Given information:
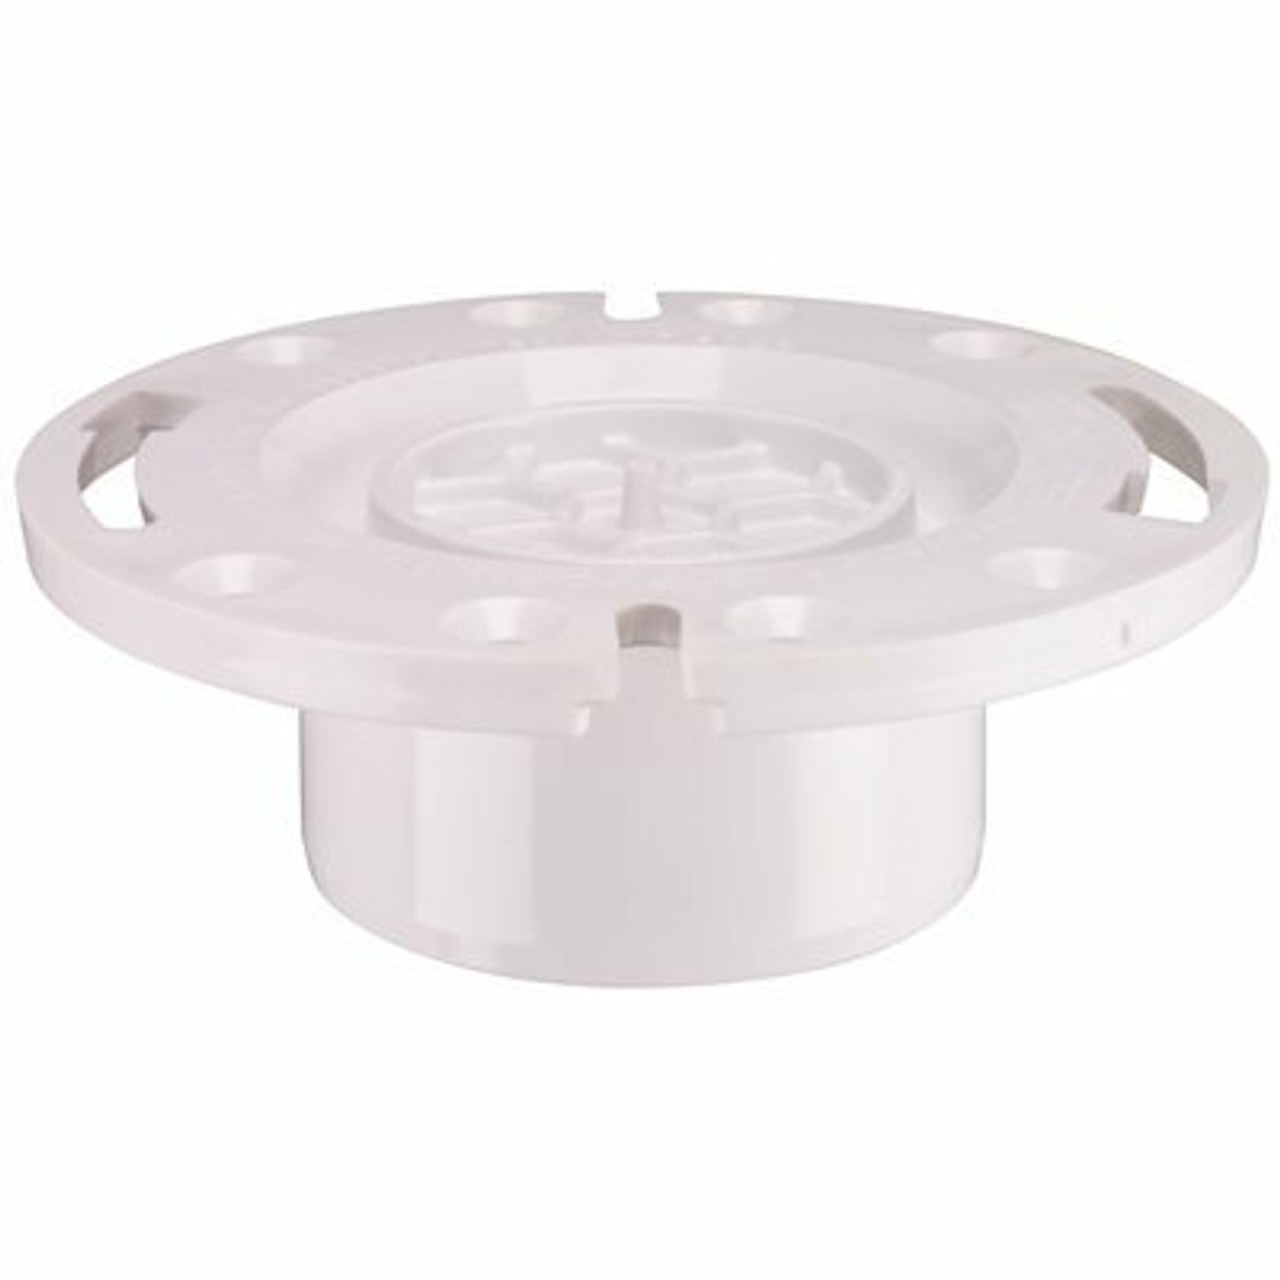 Water-Tite Techno Plastic Closet Flange For 3 In. Or 4 In. Pvc Pipe
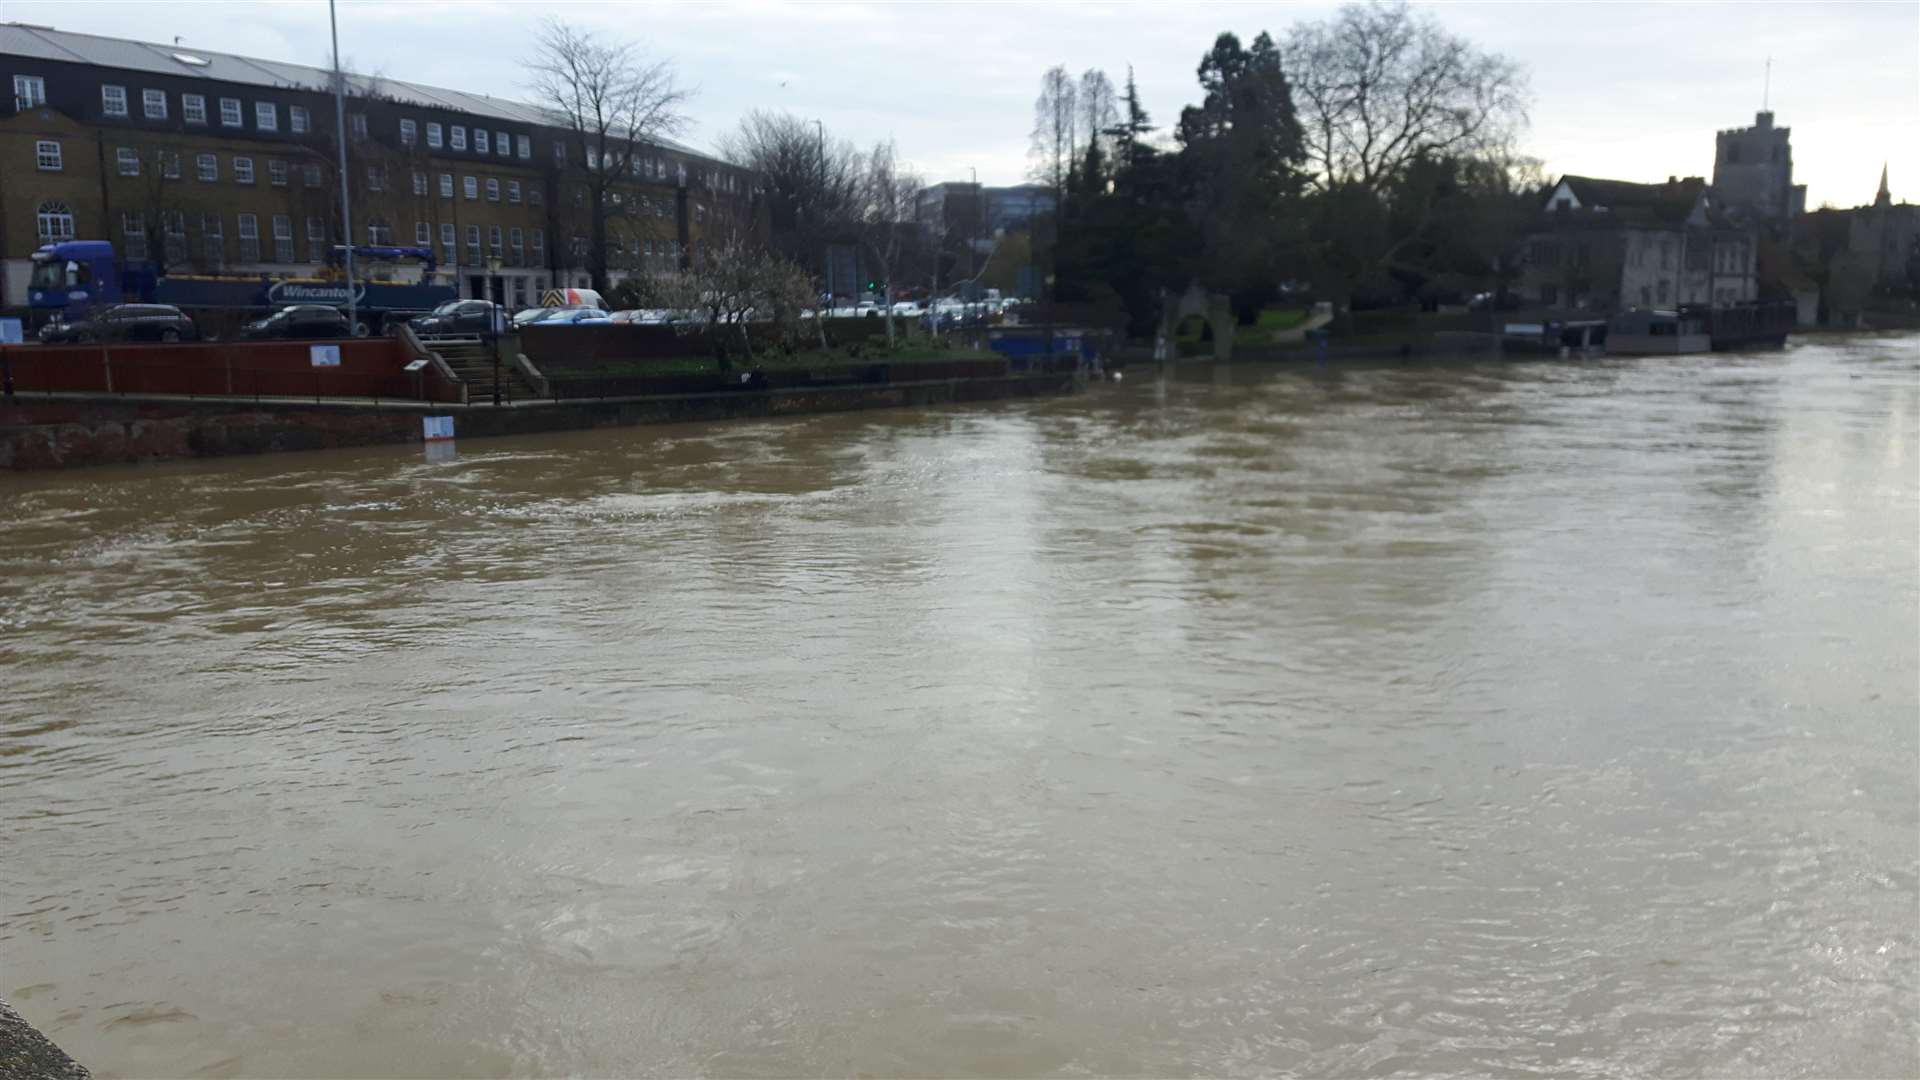 The River Medway in Maidstone has been affected by the heavy rainfall
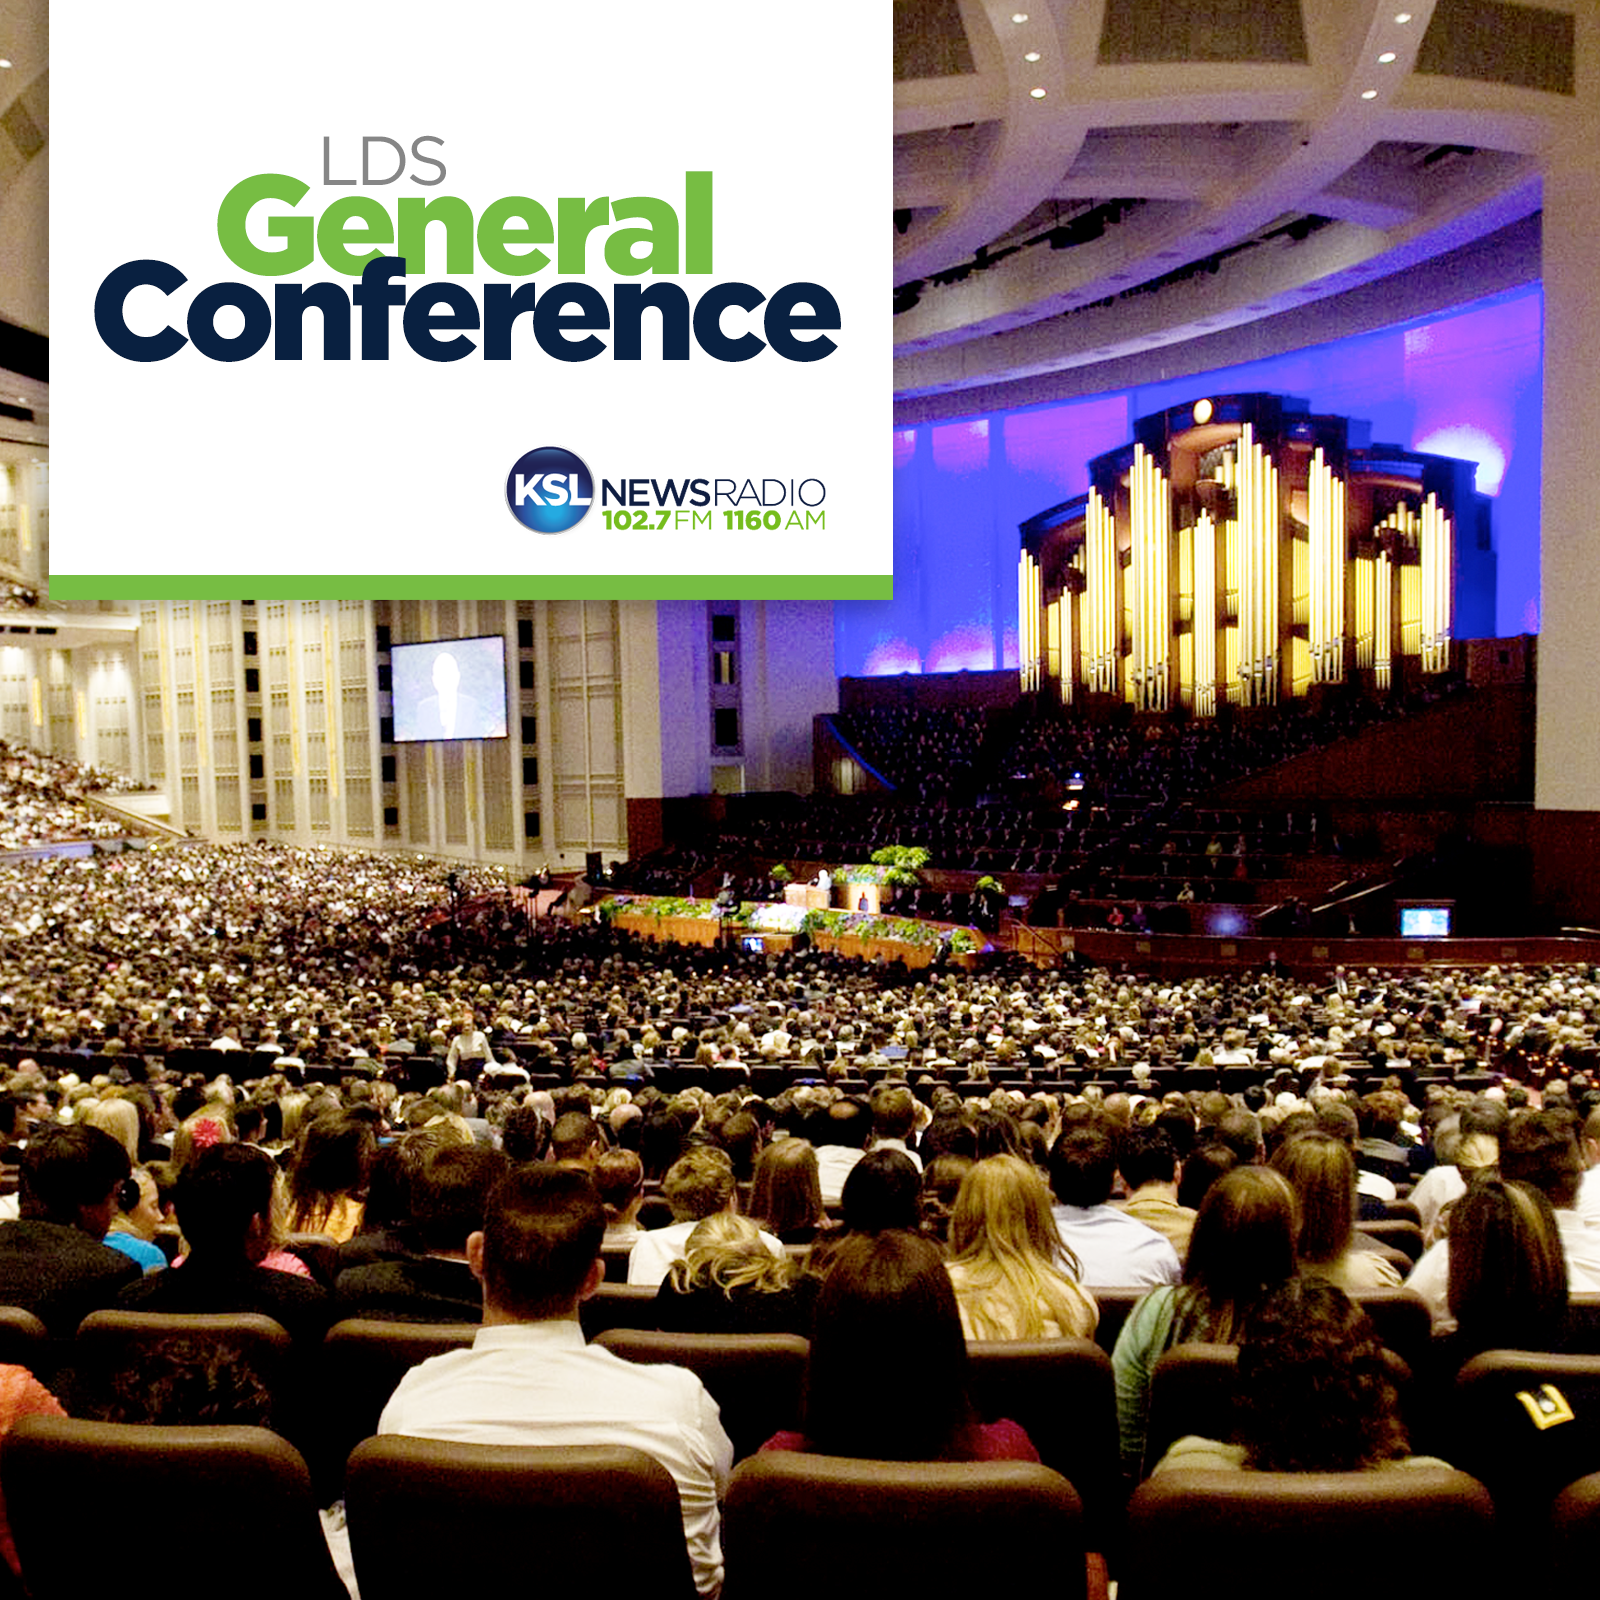  Sunday Morning Session of The 188th LDS General Conference, April 1, 2018
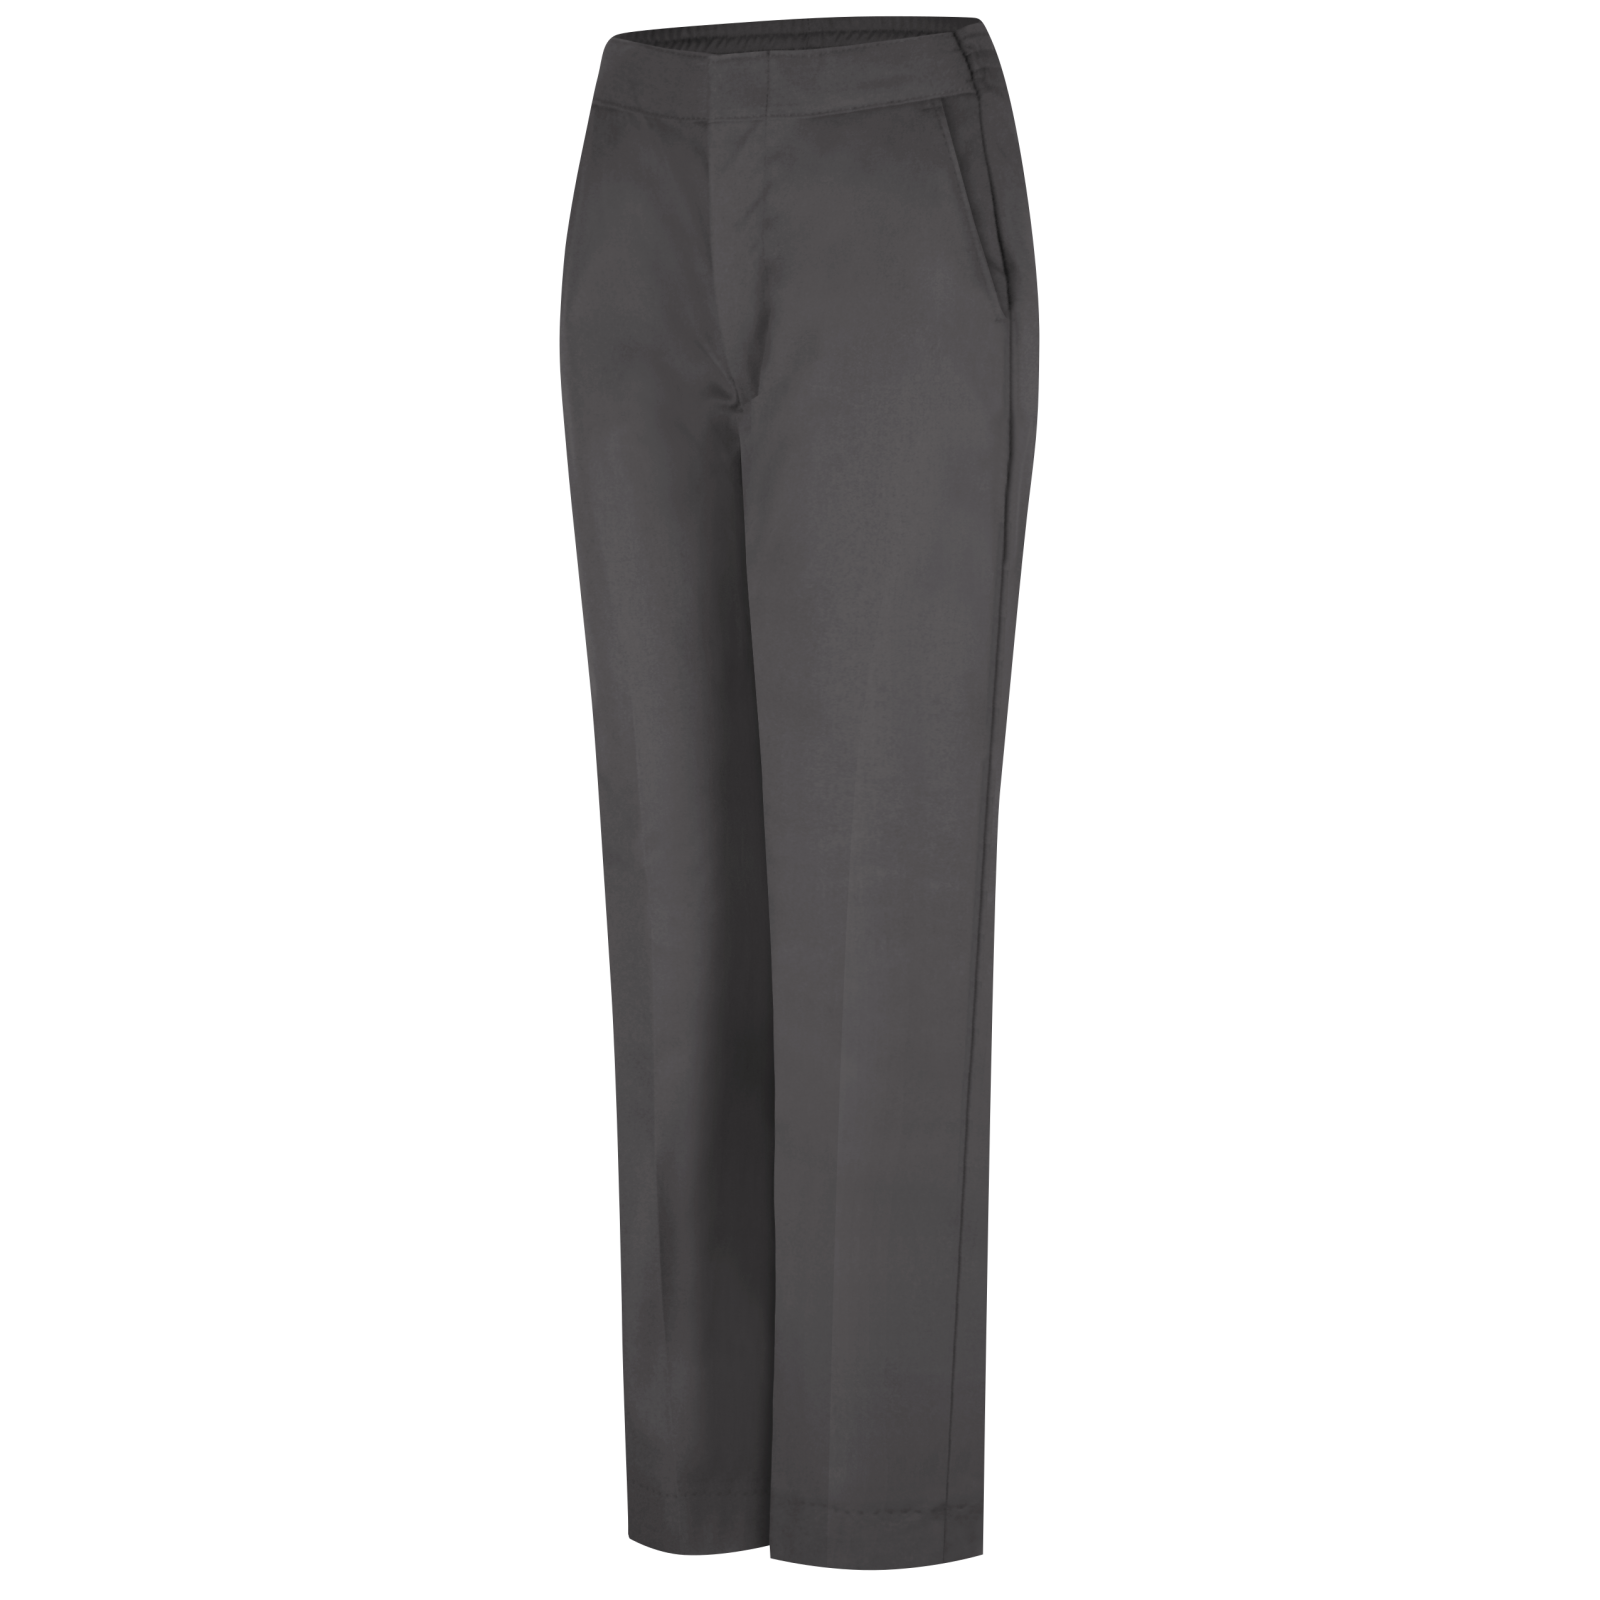 Womens Black And Grey Skinny Office Dress Pants For Autumn And Spring  Business And Casual Wear Slim Fit Work Office Trousers For Ladies 211006  From Kong01, $23.44 | DHgate.Com

What is needed: No pictures belong in the copy. Return exactly the lines from the line containing "The River Medway" through the last line of the listing.

Output below:
 The River Medway in Maidstone has been affected by the heavy rainfall
  Sunday Morning Session of The 188th LDS General Conference, April 1, 2018
 Womens Black And Grey Skinny Office Dress Pants For Autumn And Spring  Business And Casual Wear Slim Fit Work Office Trousers For Ladies 211006  From Kong01, $23.44 | DHgate.Com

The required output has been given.